Discussion in 'Mathematics' started by liverpoolcheesetoast, Dec 17, 2016.

  1. liverpoolcheesetoast

    liverpoolcheesetoast New commenter


    My school is based on the North West and I'm look for some comparions/guidance on the marks.

    We have just sat the full AQA Sample Assessment Set 3 with our year 11. We have used the online results service, but were still waiting for national percentiles.

    I'm a little concerned that our averages are low. Our middle of the road class (old C/D boundary) are getting 42% overall on the foundation and the average for the higher papers being 28% overall.

    Are people seeing a similar picture? What are people doing for grade boundaries?
  2. googolplex

    googolplex Occasional commenter

    For your Foundation paper CD borderliners, that seems about right.
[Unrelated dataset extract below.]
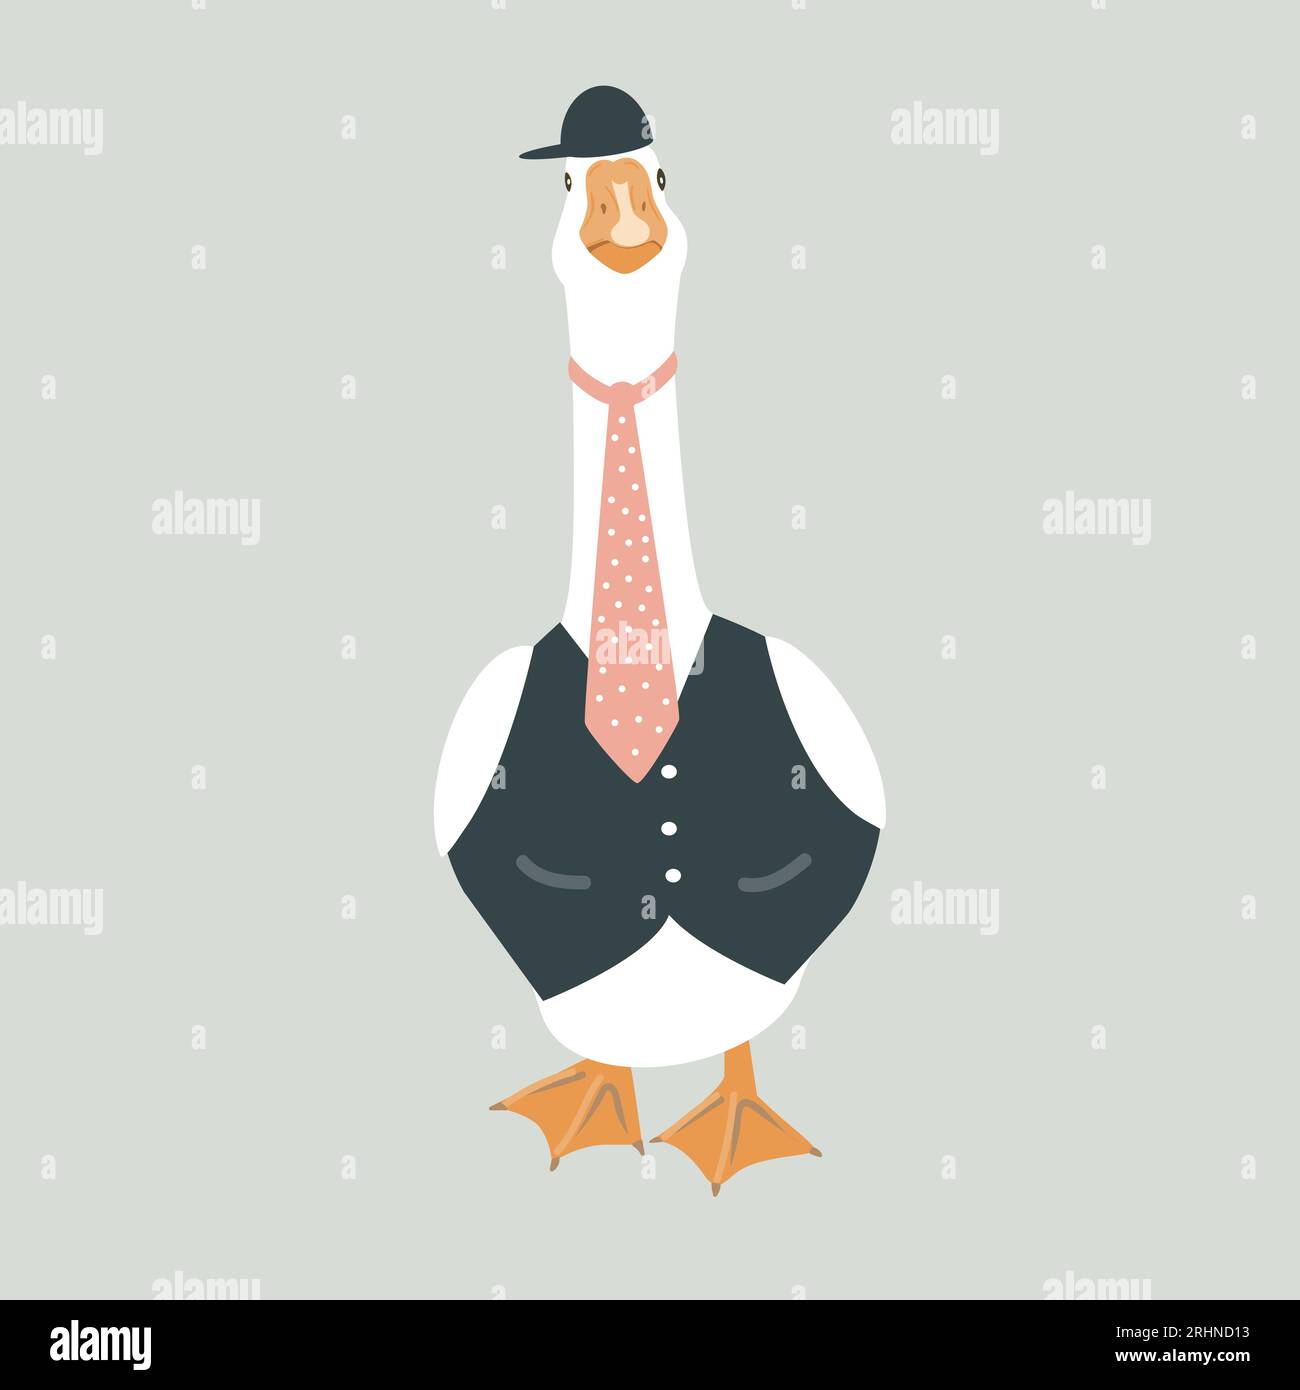 Graziosa oca maschile vestita con un gilet, una cravatta e un berretto. Illustrazione antropomorfa, vettore isolato di uccello di moda Illustrazione Vettoriale

I reckon a 5 is coming in somewhere around 55/80 per paper, 4 about 40/80.

    Not sure about your Higher Tier results - need more context to compare, but our experience at Higher is that, for our arbitrary set of exam grade boundaries, set 1s will be feasting on grades 5-9 and anyone else is lucky if they get a 4, perhaps the odd 5 here and there. 7 boundary about 40/80, perhaps less. 4 would be around 16, 5 about 24, 6 about 32/80. I'm just basing these on previous mock results, and where they ended up. And there are big margins for error!

    I'm all for raising standards but fear we're about to create a new generation of students who hate everything about maths and are completely put off because there's just no reward for them, no chance of really getting into these papers and coping with the bulk of the questions.
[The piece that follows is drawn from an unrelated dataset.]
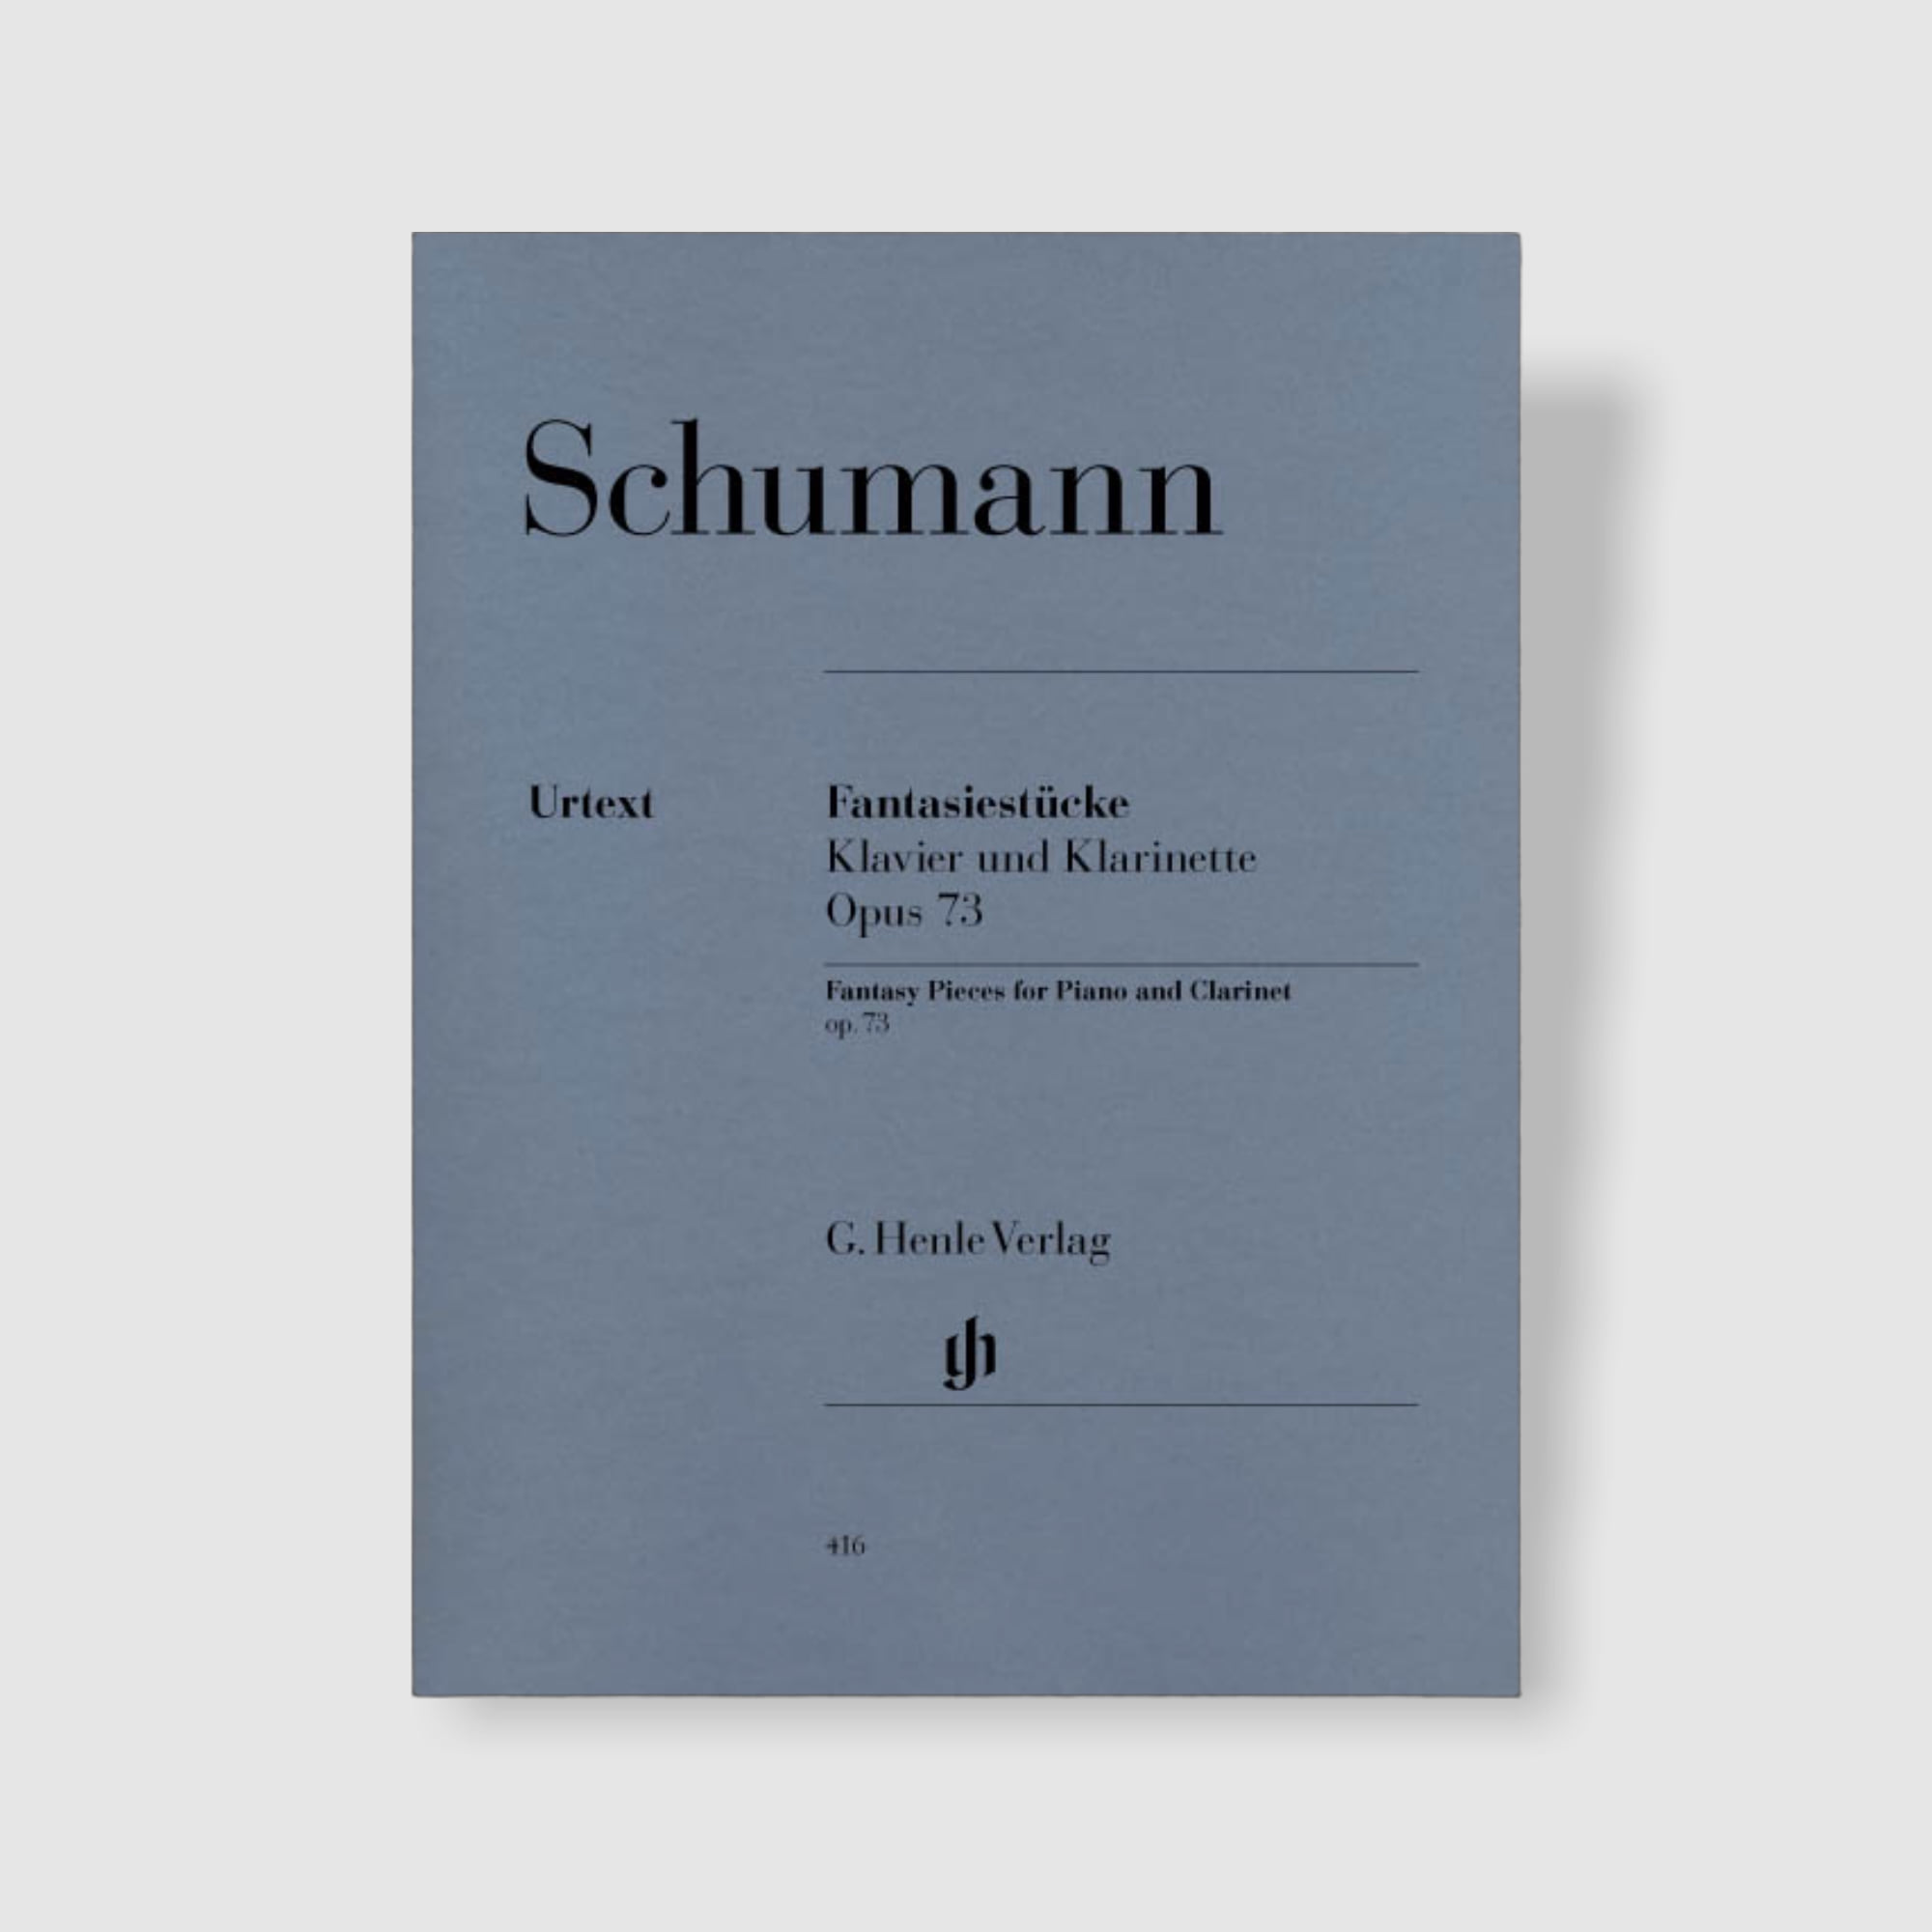 슈만 클라리넷과 피아노를 위한 환상곡 Op.73

    I don't know much about any other subject, but I'd bet that, for the vast majority of them, students are able to work through the entire papers and have a genuine attempt at every question. I know maths is slightly different, but these papers are pitched badly for the masses. Why can't the clever ones be stretched by the L2 Further Maths exam and the GCSE provide a higher tier where a far greater proportion stands a chance of getting something from the second half of the paper?
    strawbs likes this.
  3. strawbs

    strawbs Established commenter

    great post @googolplex - couldn't agree more. And don't forget about Trig on foundation - why??????????
  4. pi r squared

    pi r squared Occasional commenter

    Agree that it is not a topic for the students we would historically consider "foundation", but we are having to have a bit of a mindset change about which kids those are under the new GCSE. And rightly or wrongly, if things like trig weren't on the Foundation paper under the new GCSE, then we would effectively be back to the days of the old old Foundation papers that only went up to a D - ie. any student entered for Foundation being immediately condemned to not being able to achieve "a good pass" (DfE terminology not mine) no matter how well they fare in the paper.
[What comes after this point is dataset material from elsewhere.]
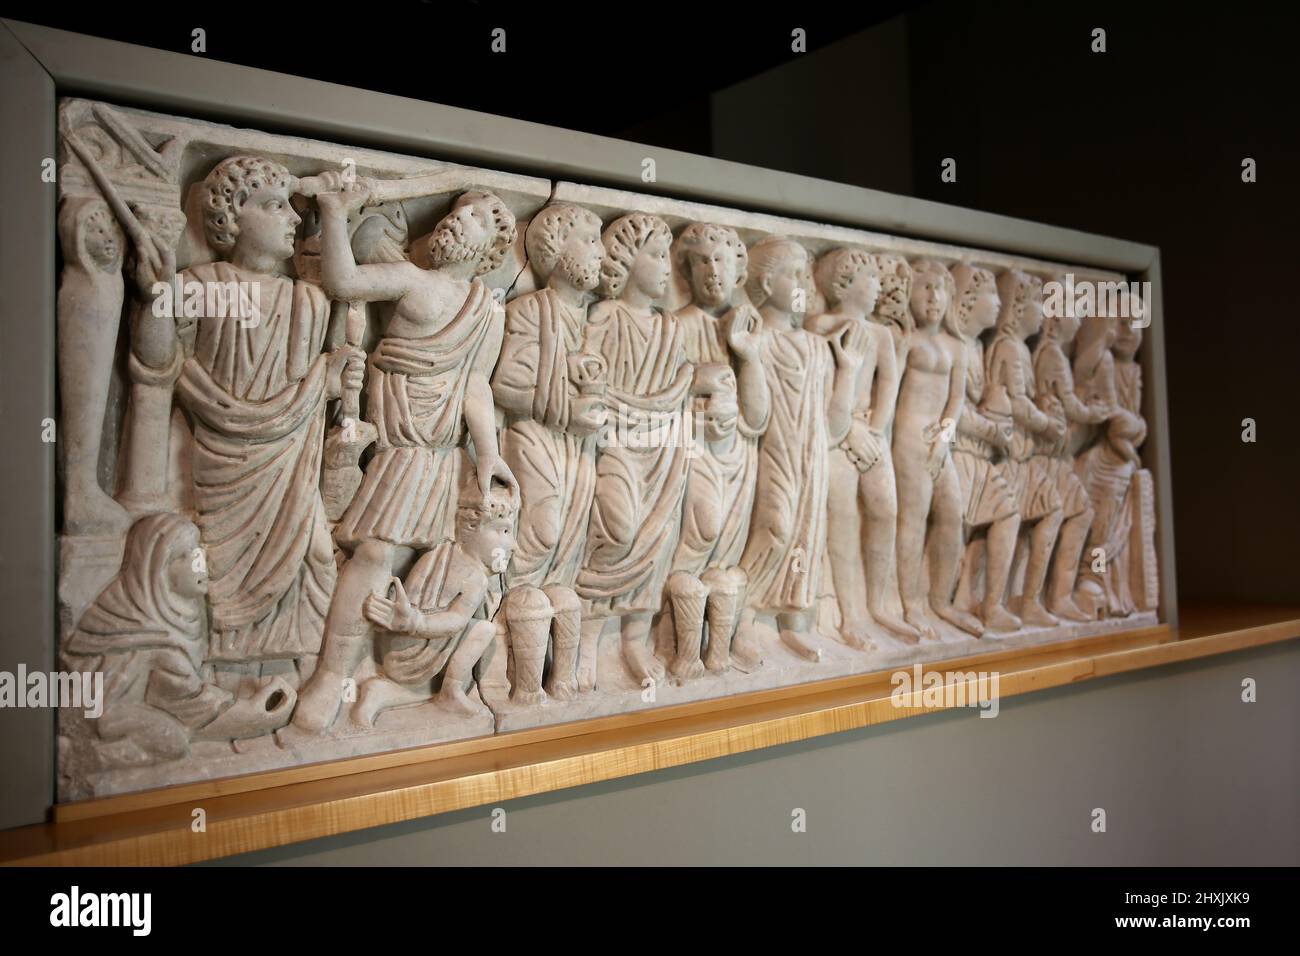 Panel frontal El sarcófago con escenas bíblicas. Carced en un taller romano, 4th c. AD. Museo Frederic Mares. Barcelona, España. Foto de stock

    As for the boundaries for the AQA set 3, we have currently gone with the same as we used for set 2, which were a collaboration across a handful of schools in Northants:

    They're not wildly different from Googolplex's suggestions, which is reassuring for both parties, although they don't match so well at the top end. It's quite scary what a s**tty deal we're currently giving to our Y11s up and down the country where kids who sit the exact same paper are being given different (and in some cases, *cough*PiXL*cough*, wildly different) indications of where they are currently working, and no way of knowing which indication is correct.